Промысл сохранял на необитаемом острове преподобную Феоктисту, питал и наставлял в пустынном одиночестве Марию Египетскую, в нужное время послал Своего раба, чтобы причастить перед смертью и предать земле; могилу вырыл опять же лев. В «Луге духовном» повествуется об Иерусалимской девственнице, бежавшей в долину Иордана от нечистой страсти влюбленного с корзинкой бобов, которых по благодати Божией хватило на семнадцать лет.
Нынешний монастырь ничем не напоминает суровую скудость пустыни: совсем неплохо кормят, одевают-обувают, все удобства – и страшно. Чего не наслушаешься, собираясь в монастырь: «позапрошлая эпоха! какой смысл в этих простите-блаасловите! разве в миру мало работы!» – уверяет институтский приятель; «с ума сошла! ты же слабенькая, физически работать не можешь!» – ахает мамина знакомая-врач; «стены не спасут… что в этих монастырях творится-то, знаешь?» – пугает благочестивая прихожанка; «ага, давай, зачем только училась, чтоб неграмотная бабка в рясе тобой командовала?!» – иронизирует ближайшая подруга; «о-о! хамства, грубости, жестокости не стерпеть!» – вопит душа; «да ладно, – зевает духовник, – выдержишь, не выдержишь, всё равно какая-то польза…».
И вот надо шагнуть из лодки, не обращая внимания на предостерегающие крики, не стесняясь своей неуклюжести, не замечая насмешек и не слушая благоразумного, извне или изнутри, голоса: слыханное ли дело ходить по водам! глупость, юродство, сумасбродство! – и смотреть только вверх, на прекрасный лик Сказавшего иди, не поддаваться влечению заглянуть в грозные темные волны, готовые поглотить и погубить; ты веришь Спасителю? Ты веришь словам Его? [569].

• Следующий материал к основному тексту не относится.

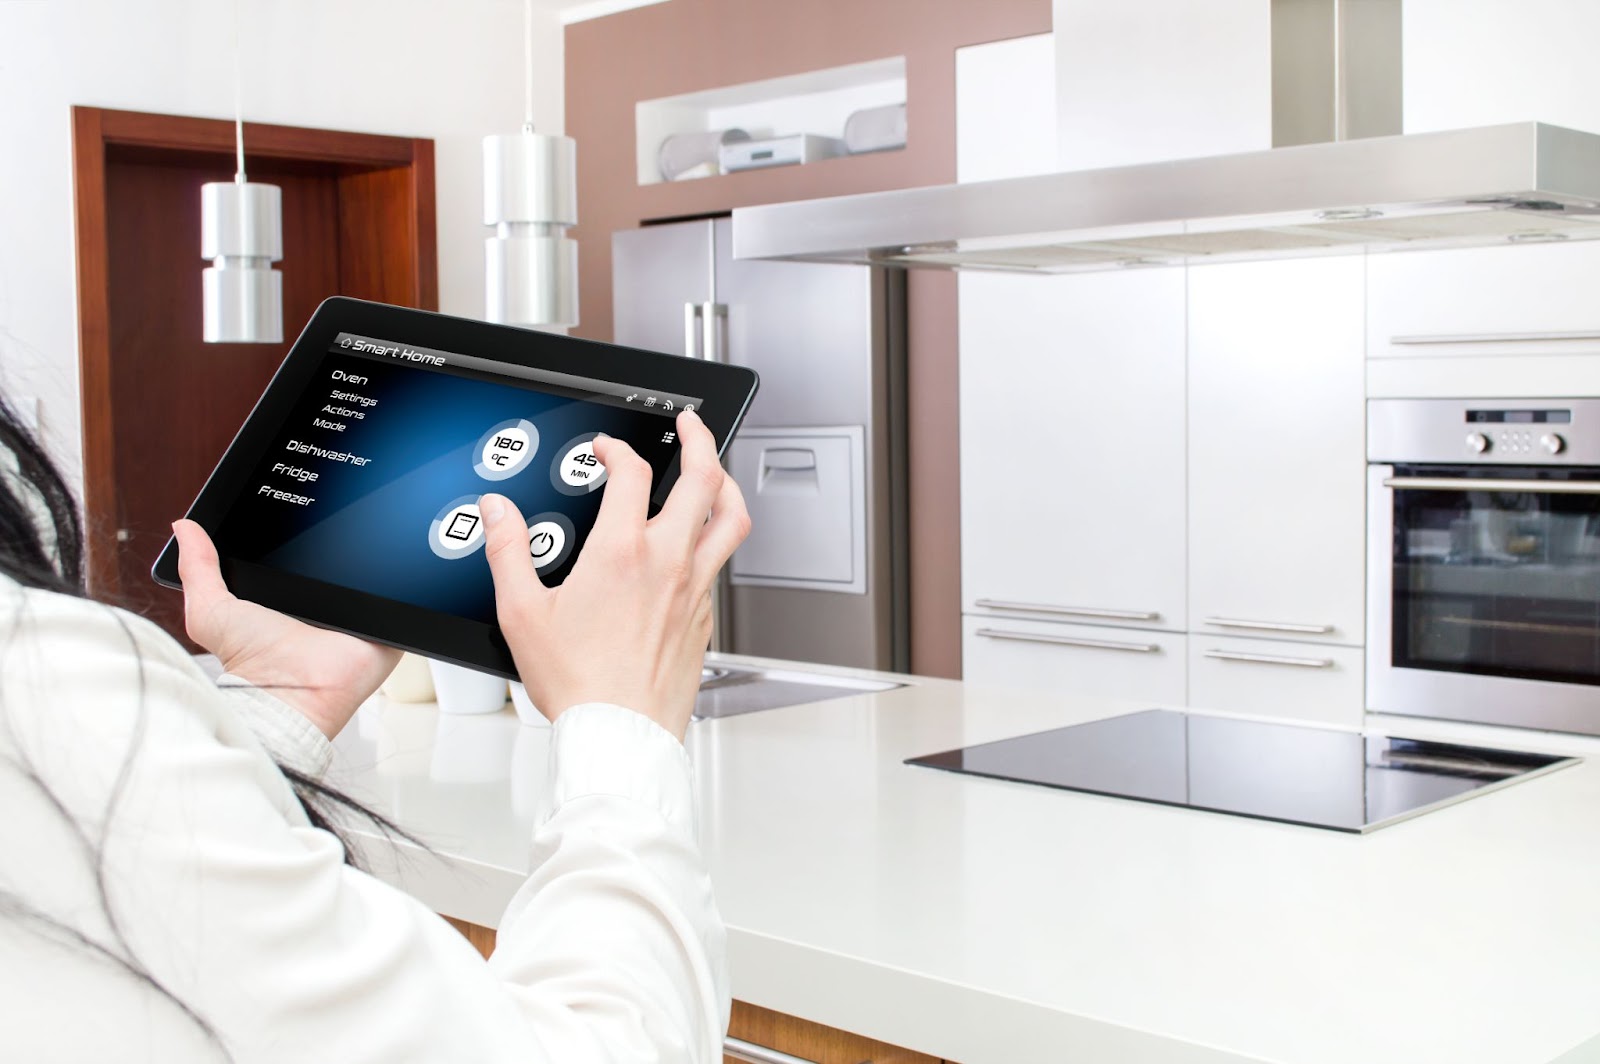 Smart kitchen controlled by tablet smart home hub.

Вера настигает нас нежданно, непрошенно, не из книг, не от людей, она приходит чудом, рождается как ни на что не похожее переживание, как подлинный опыт, новая неоспоримая реальность, величайший дар, который знаем что получили свыше, и, это зная, принимаемся суетиться, рыскать от поводыря к поводырю, домогаясь помощи, руководства, рамок, опор, костылей, допытываясьчто мне делать [570] с ожиданием четкого спасательного рецепта, скажем, есть раз в день, класть сто «земляных» поклонов или ночами псалтирь читать.
Хотя ответ хорошо известен: человекам это невозможно [571], ни раскаяние, ни нравственные усилия, ни подвиги, никакая работа над собой сего сотворить не могут, но только Господь. Жажда какой-то обязательной деятельности по части религии реализуется в надрывном самокопании, бесплодных говорильнях, в уповании на внешнее, в вязкой тине пустяковых мелочей, замыкаясь на предпочтении своей попечительности Его промышлению [572].
«Нас не учили», – ноет раскрашенная как папуас дама, сдавая внука в воскресную школу; «нас тоже», немного резко отвечает монах-преподаватель, и правда; крещены, пострижены, некоторые и в сане, но повседневно жить с Богом и впрямь не научены. Присловье гласит: во Христе можно только умирать; но вот пока не умираем, пока пребываем на грешной земле, хотелось бы усвоить какую-то программу что ли, рекомендуемый способ бытия, наметить контур, хотя бы приблизительно очертить позиции – к чему следует стремиться и каким способом сего достигать.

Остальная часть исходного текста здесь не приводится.